Introduction to Selenium IDE Plugin with Simple Web Data Scraping Examples

The BIAMI Dev Selenium IDE plugin can be used to scrape data from websites. In this article, we will explore how to use the plugin to scrape three types of data: URLs (from buttons and links), text (any text within the HTML markup), and HTML of elements or the whole page.

  • Access web browser

    First, configure selenium_ide plugin with the webdriver you are using, the web browser's port and IP address. See Selenium IDE documentation for more details. You can set them as parameters to conveniently use throughout your process.

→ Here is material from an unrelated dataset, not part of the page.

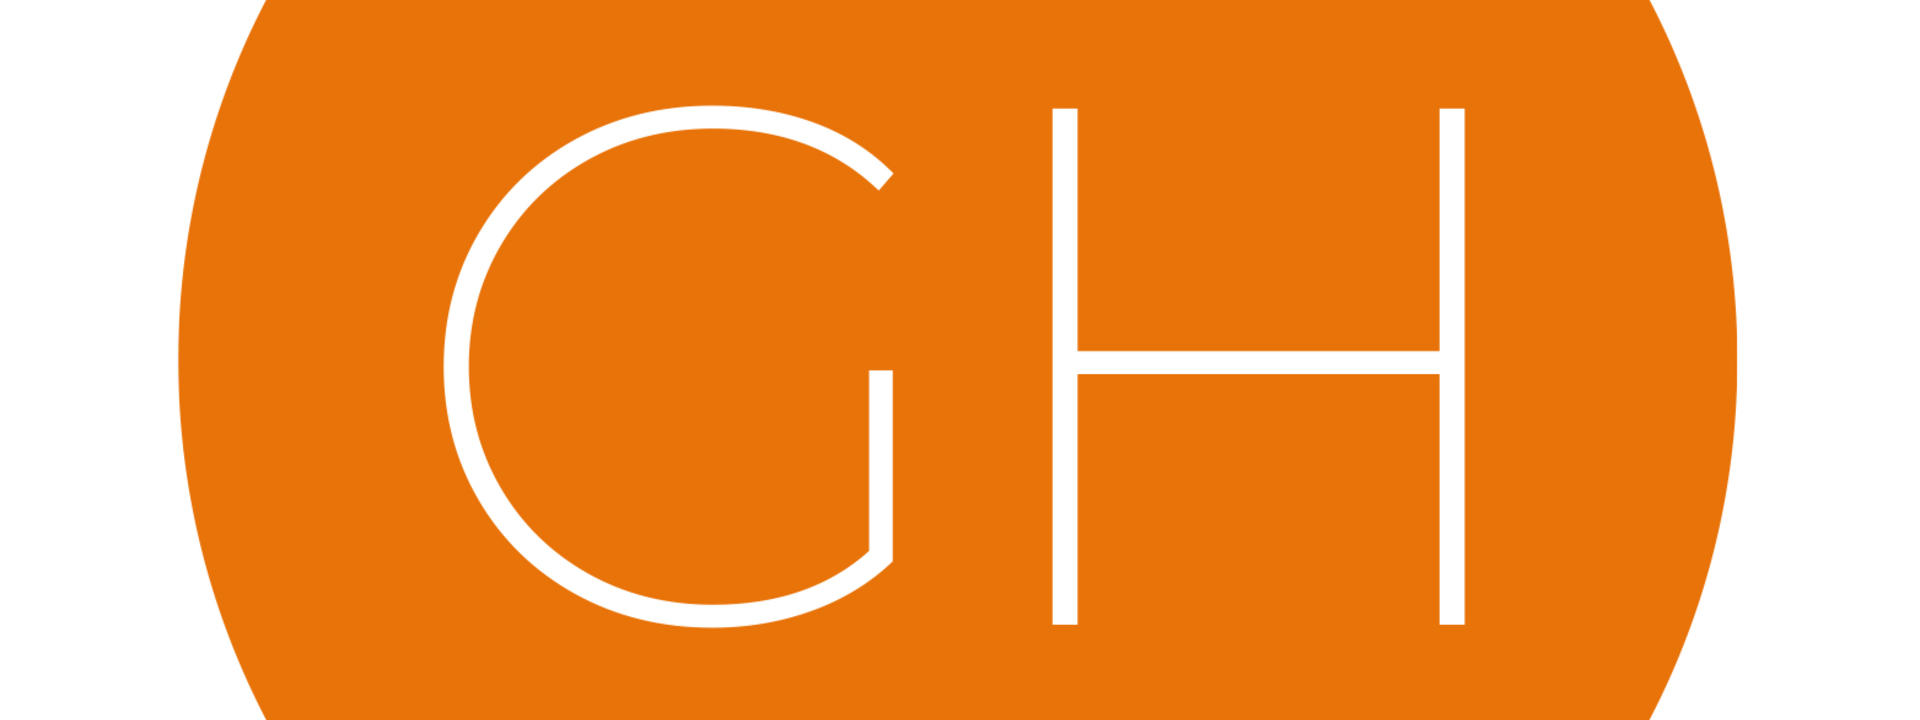 glen-howey-logo.jpg

    Stage Business Task Name Technical Task Name Plugin
    Set up your webdriver param_set p=p_browser_webdriver
    Set up your browser IP param_set p=p_browser_ip
    Set up your browser port param_set p=p_browser_port
  • Open Page

    Navigate to the page where you will be collecting data. For this article, we will navigate to https://www.biami.dev/setup page.

    Stage Business Task Name Technical Task Name Plugin
    Open https://www.biami.dev/ page selenium_ide webbrowser=|||p_browser_ip|||:|||p_browser_port||| runcommand=open target=https://www.biami.dev/ value= capturedata= webdriver=|||p_browser_webdriver|||
    Click on "Learn" button selenium_ide webbrowser=|||p_browser_ip|||:|||p_browser_port||| runcommand=click target=xpath=//a[@title='Learn'] value= capturedata= webdriver=|||p_browser_webdriver|||
    Click on "Setup" button selenium_ide webbrowser=|||p_browser_ip|||:|||p_browser_port||| runcommand=click target=xpath=//a[@title='Setup'] value= capturedata= webdriver=|||p_browser_webdriver|||
  • Store text from HTML elements

    Let’s extract and save the text of the page’s main heading - “DIY Automation Setup”. We will use the “store text” command, and it will be saved to your “./temp/process” directory in 2_p_heading.txt file.

    Notice that the file will be saved with request ID prefix. This ID is randomly generated on each execution of your process. The current request ID is available as requestid parameter. We will use this parameter to assign text from the file to our “p_heading” parameter, to use the stored text later.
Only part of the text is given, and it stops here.